La reacción del pueblo confirmó que el camino era ése. “Me pone la piel de gallina cómo lo aceptó la gente”, admite Francisco. Llegaron mayores con historias de infancia, chicos a quienes los padres les contaban quién era Beco, vecinos a los que se les humedecían los ojos porque una parte de su vida volvía a abrirse. También llegaron turistas, curiosos de esa cápsula de tiempo viva.
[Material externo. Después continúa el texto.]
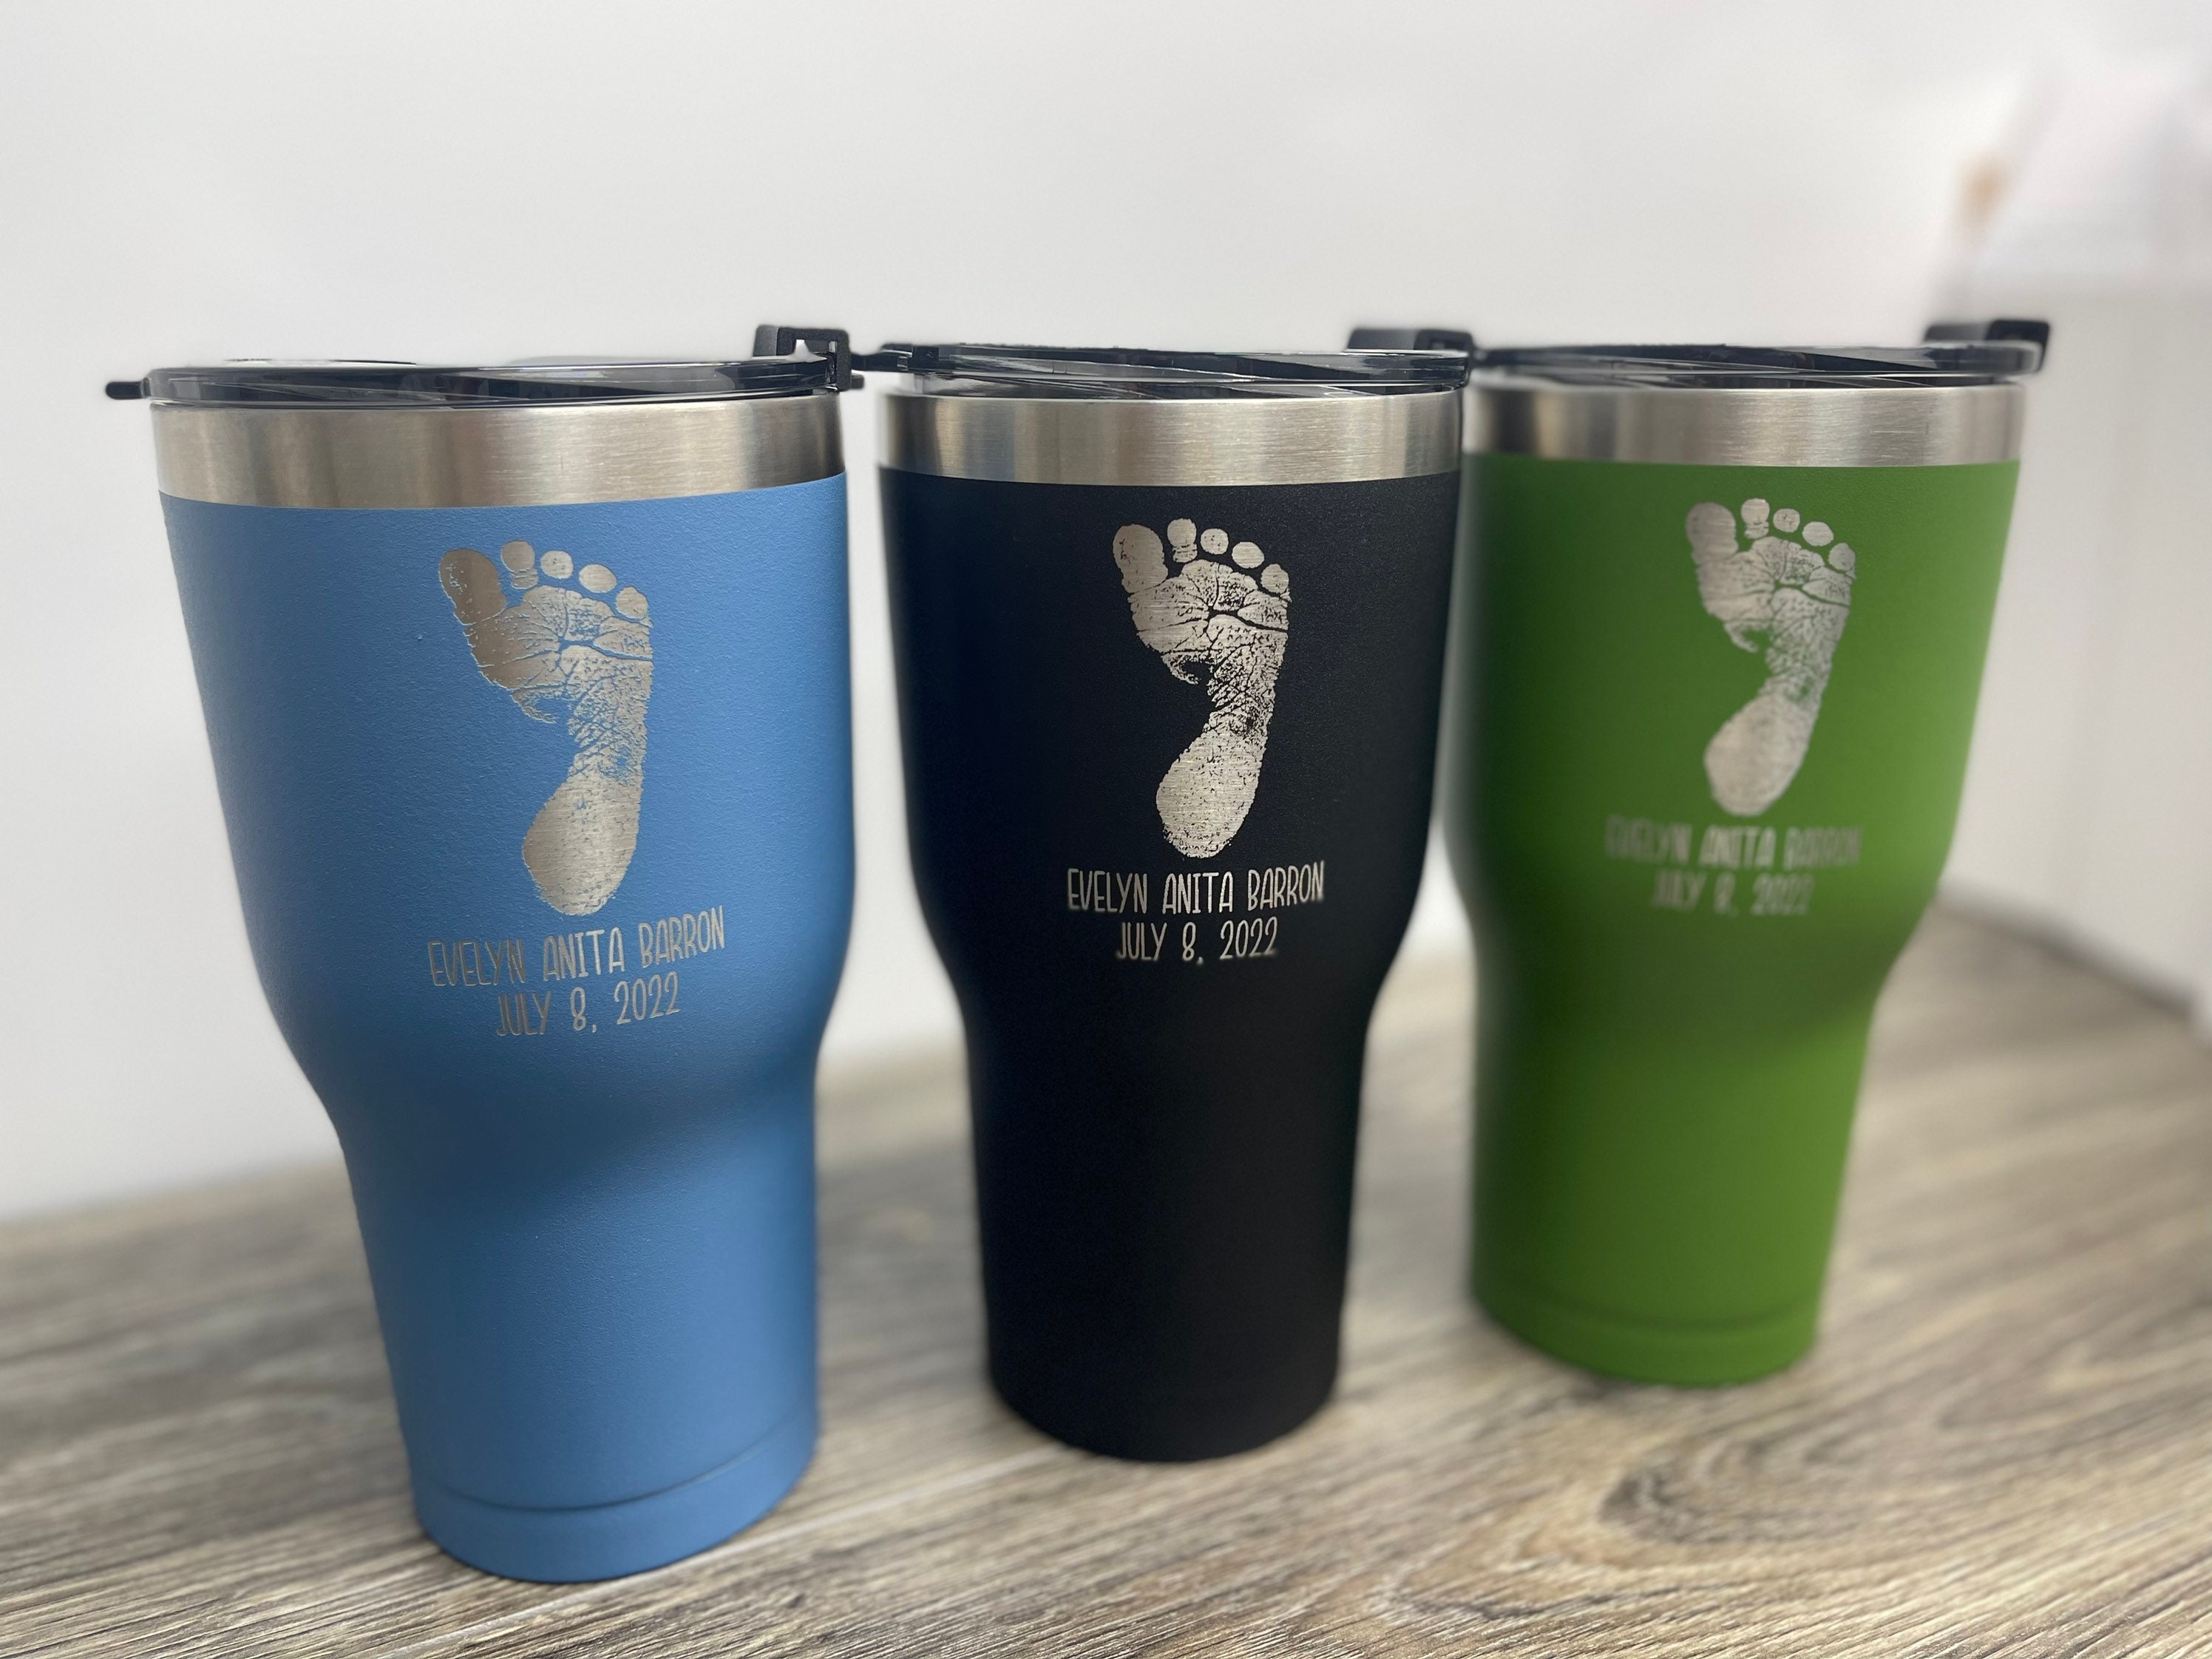 Personalized Personalized RTIC 30 oz Tumbler - Clearance Colors

Todo empezó, dicen, en un asado entre tres amigos, como empiezan las cosas que después resultan importantes. Hoy el bar tiene agua, gas, cocina y baños; lo que no tiene es maquillaje. Quedó la madera con sus marcas, el suelo que cruje, la luz que entra oblicua por la tarde, la barra que invita a apoyar el codo y conversar.
Quedó, sobre todo, la mística de una esquina que aprendió a empezar de nuevo sin perder el carácter. En Los Principios, la cronología es una obstinación: los finales abren principios y los principios vuelven a enganchar el hilo de la historia. Bastaba con abrir la puerta y dejar que el pueblo entrara otra vez. Lo demás se acomoda solo, como esos vasos que buscan su lugar exacto sobre el mostrador, ahí donde las cicatrices cuentan —sin necesidad de explicarlo— por qué esta esquina le pertenece a todos.